You can demand the dealer give you buildout cash. However, I have no idea if they will agree. The drive event cash cannot be used on pre-existing orders.

Sent from BimmerApp mobile app


----------



## 53 TURK (Feb 22, 2008)

Alpine300ZHP said:


> You can demand the dealer give you buildout cash. However, I have no idea if they will agree. The drive event cash cannot be used on pre-existing orders.
> 
> Sent from BimmerApp mobile app


Thanks


----------



## arjuno (Feb 17, 2010)

I didn't have an invitation, but I signed up through the BMWNA website and it gave me a test drive appt for the 4 series to go the next day. The dealership called me back stating that their next "event" is Aug 19th. So I'm a little confused since I followed the procedure on the website for their un4getable event. Do I actually need to go to the specific event (Aug 19th) or can't I just go when the website schedules me for the test drive?


----------



## tturedraider (Nov 11, 2005)

arjuno said:


> I didn't have an invitation, but I signed up through the BMWNA website and it gave me a test drive appt for the 4 series to go the next day. The dealership called me back stating that their next "event" is Aug 19th. So I'm a little confused since I followed the procedure on the website for their un4getable event.

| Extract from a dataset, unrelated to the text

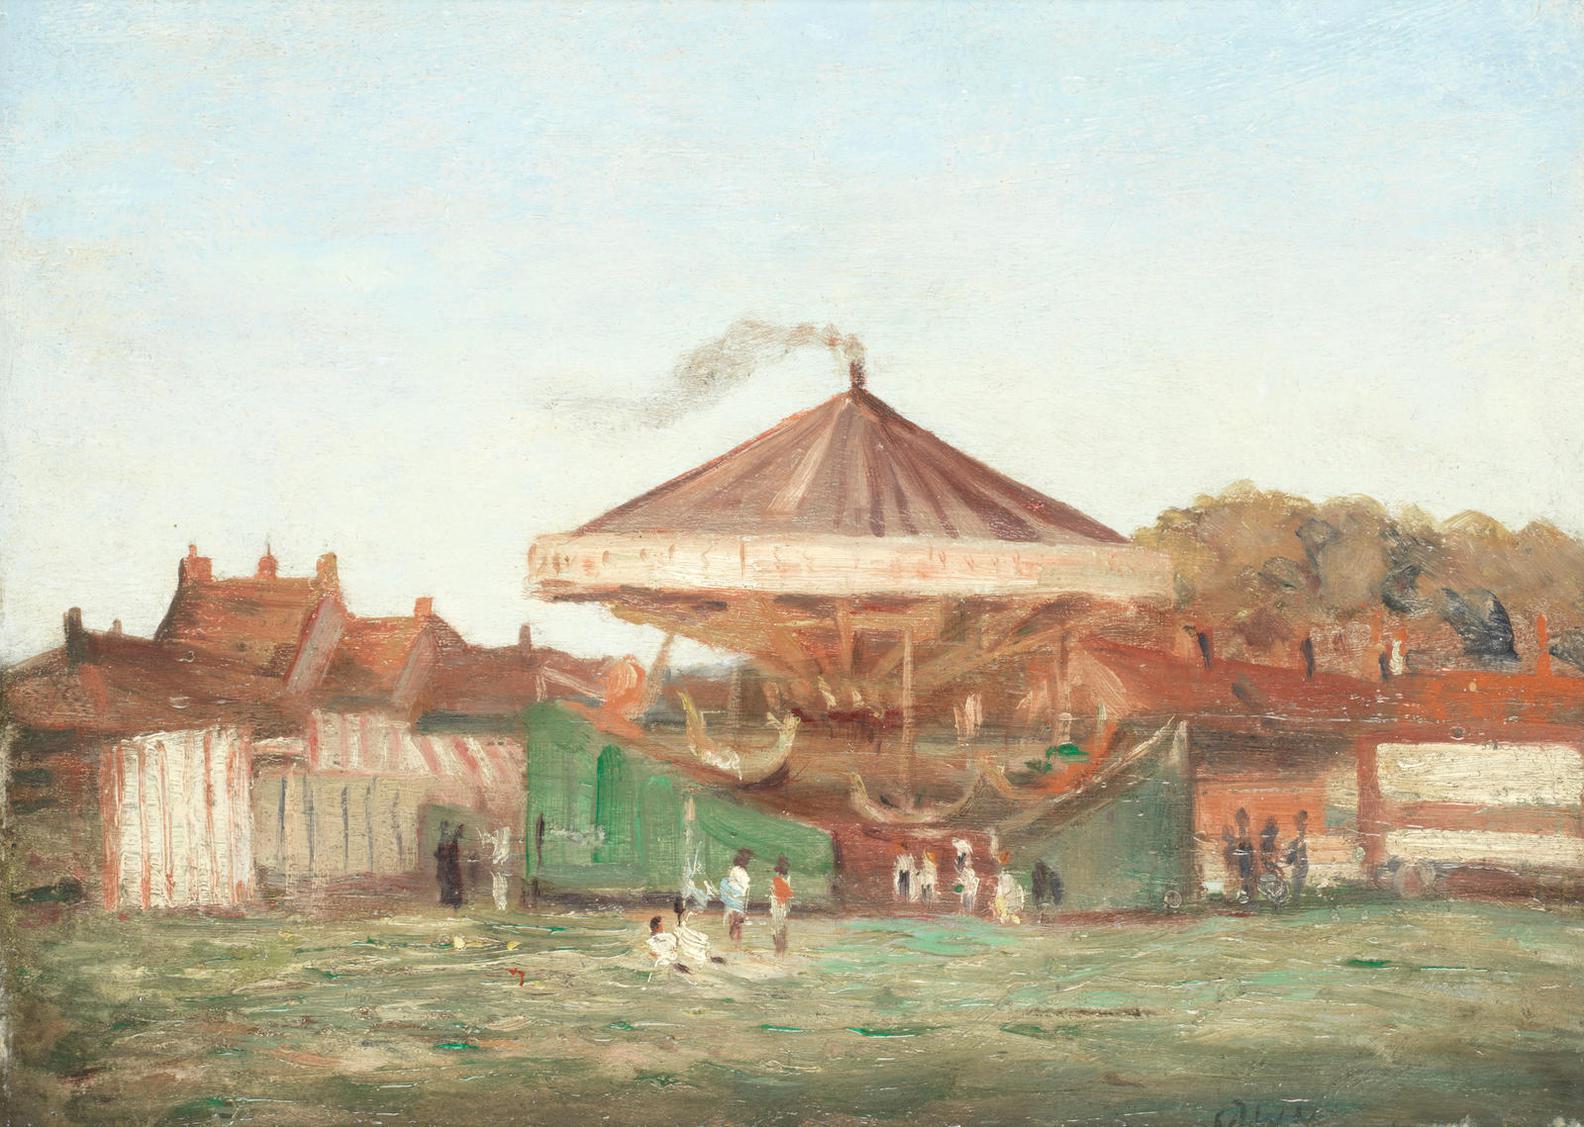 Christopher Richard Wynne Nevinson A.R.A - The Fair, Hampstead Heath-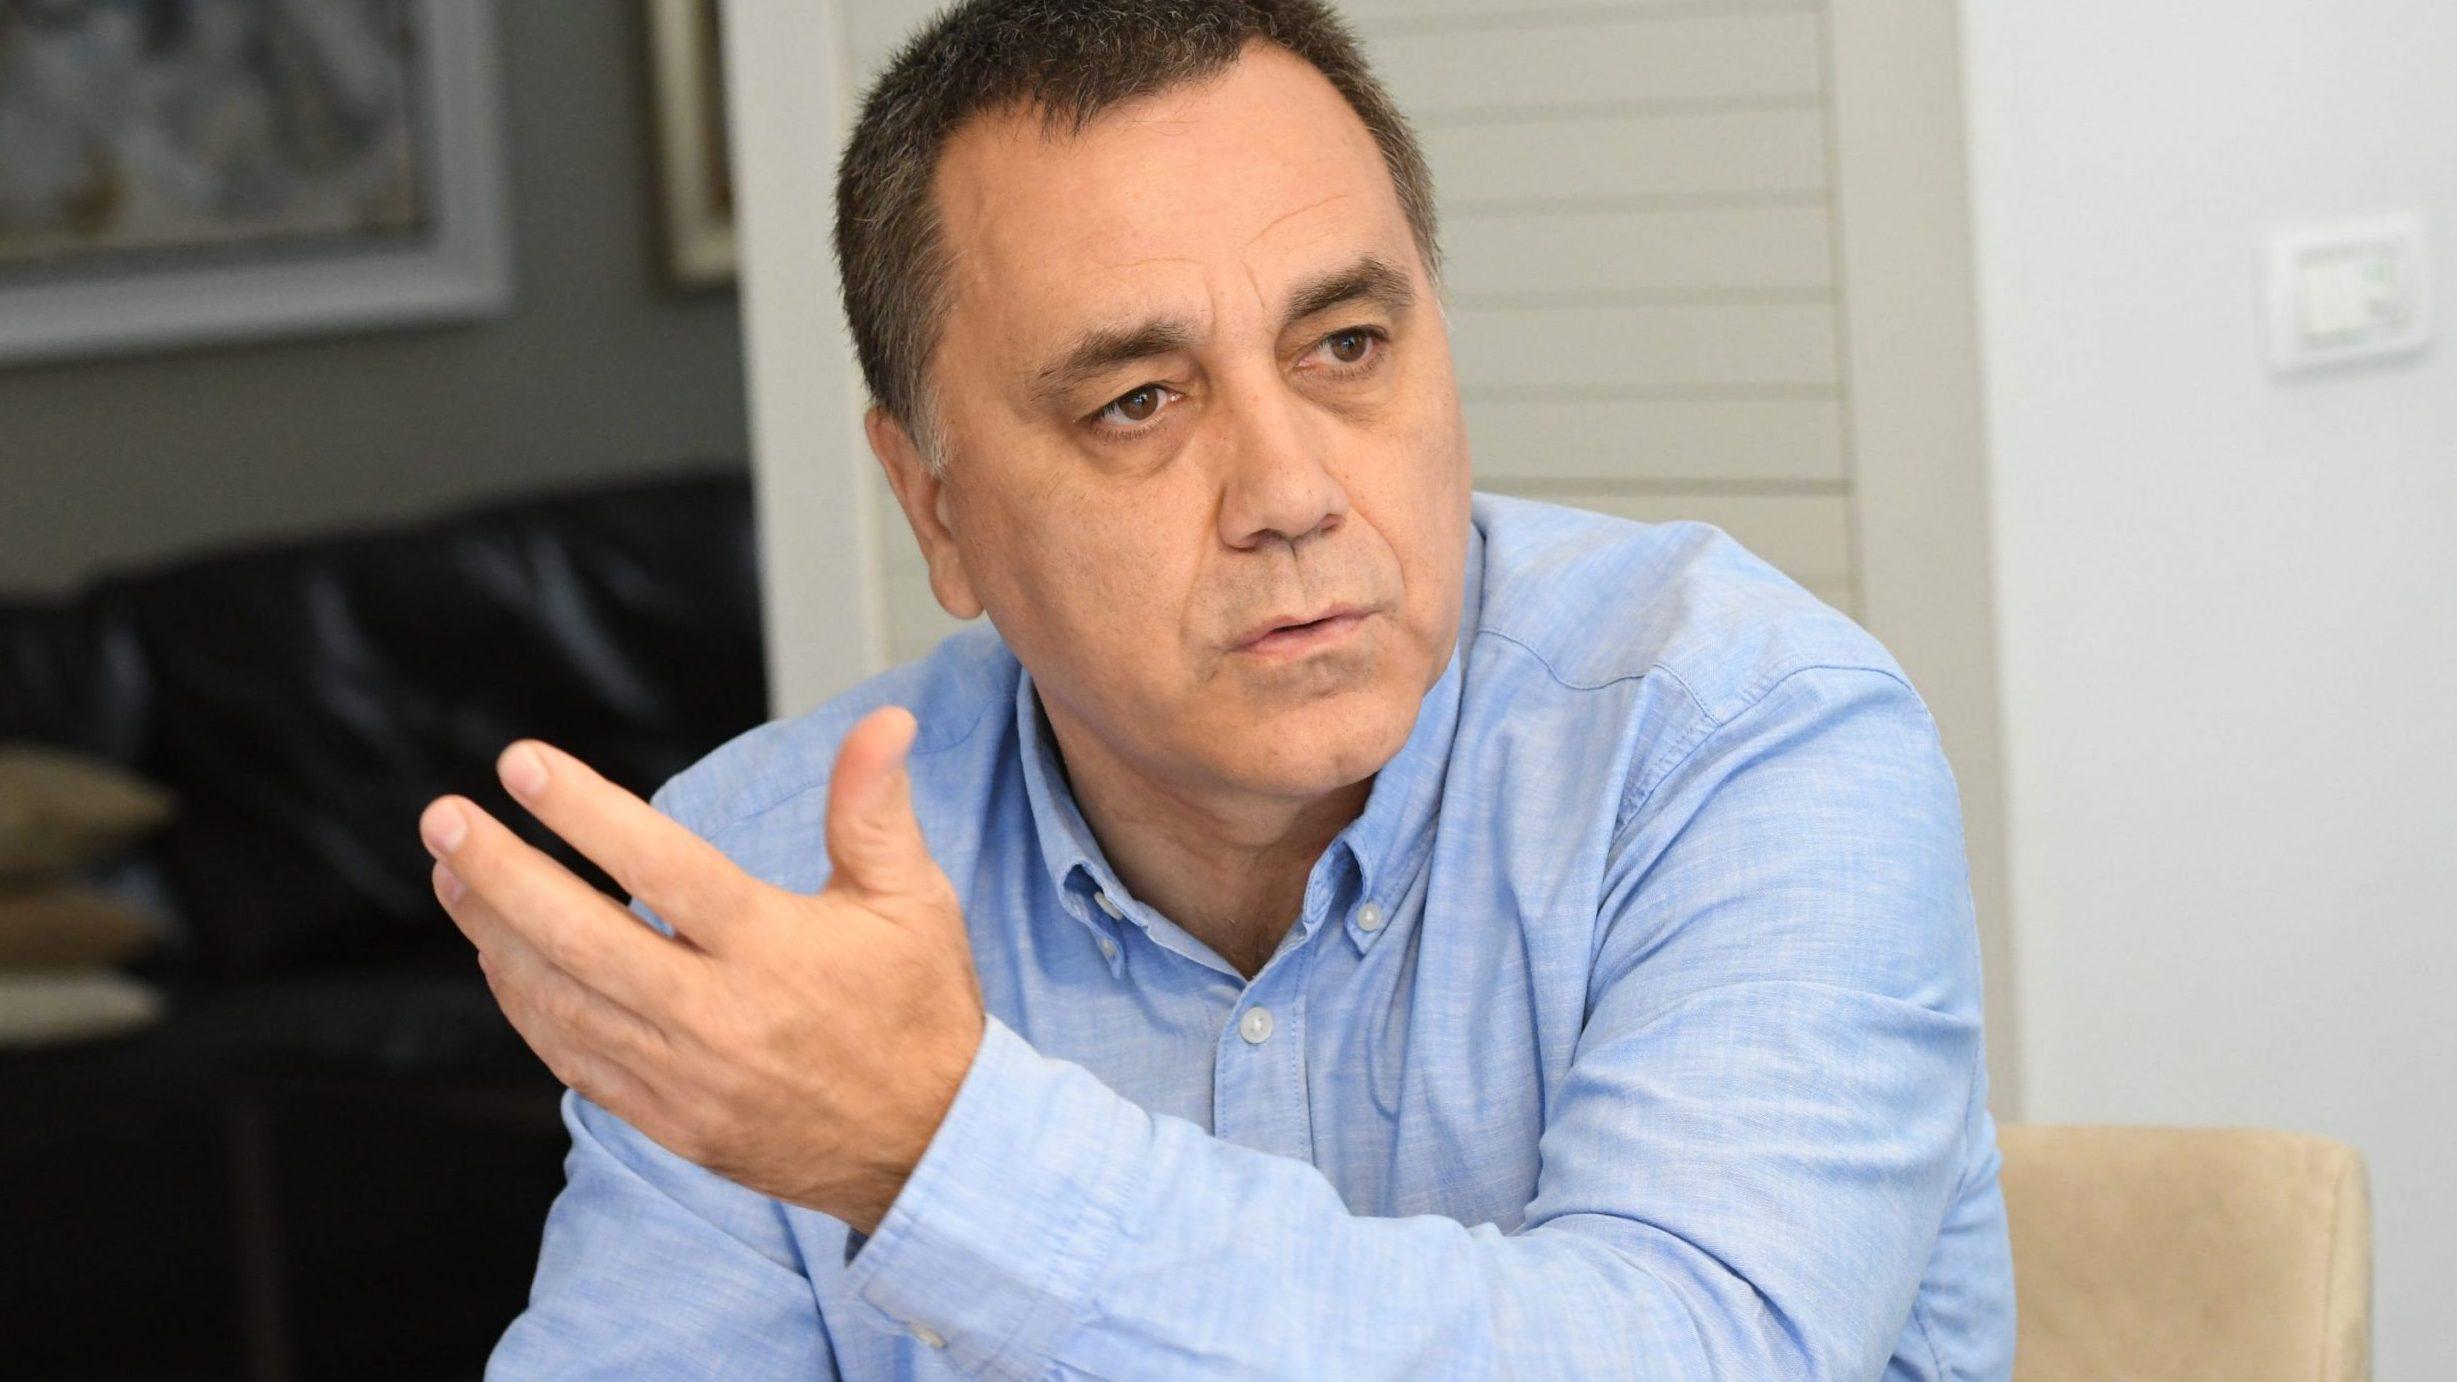 ישראל גרטי: הלקוחות לא מעוניינים לשמוע את המידע שחוזר הצירוף מחייב למסור להם

Do I actually need to go to the specific event (Aug 19th) or can't I just go when the website schedules me for the test drive?


You have to attend the event. Sounds like you clicked on a link just to signup for a test drive. You have to pay attention to the specific wording.


----------



## zoepup (Jul 7, 2014)

My dealer informs me that it is 60 days from the end of the month that you participated in the Un4gettable event. SO I actually get an extra 3 weeks. OF course, it seems every dealer says something different.


----------



## Alpine300ZHP (Jan 31, 2007)

zoepup said:


> My dealer informs me that it is 60 days from the end of the month that you participated in the Un4gettable event. SO I actually get an extra 3 weeks. OF course, it seems every dealer says something different.


The voucher says otherwise. It says 60 days from the date you attended the event. I would not rely on your dealer's unsubstantiated advice.

Sent from BimmerApp mobile app


----------



## zoepup (Jul 7, 2014)

IT seems there is so much mis information. Either way I will get in writing that they will honor the price.


----------



## m4ha7m4 (Jul 21, 2014)

So I just called BMW Customer relations (1-800-831-1117).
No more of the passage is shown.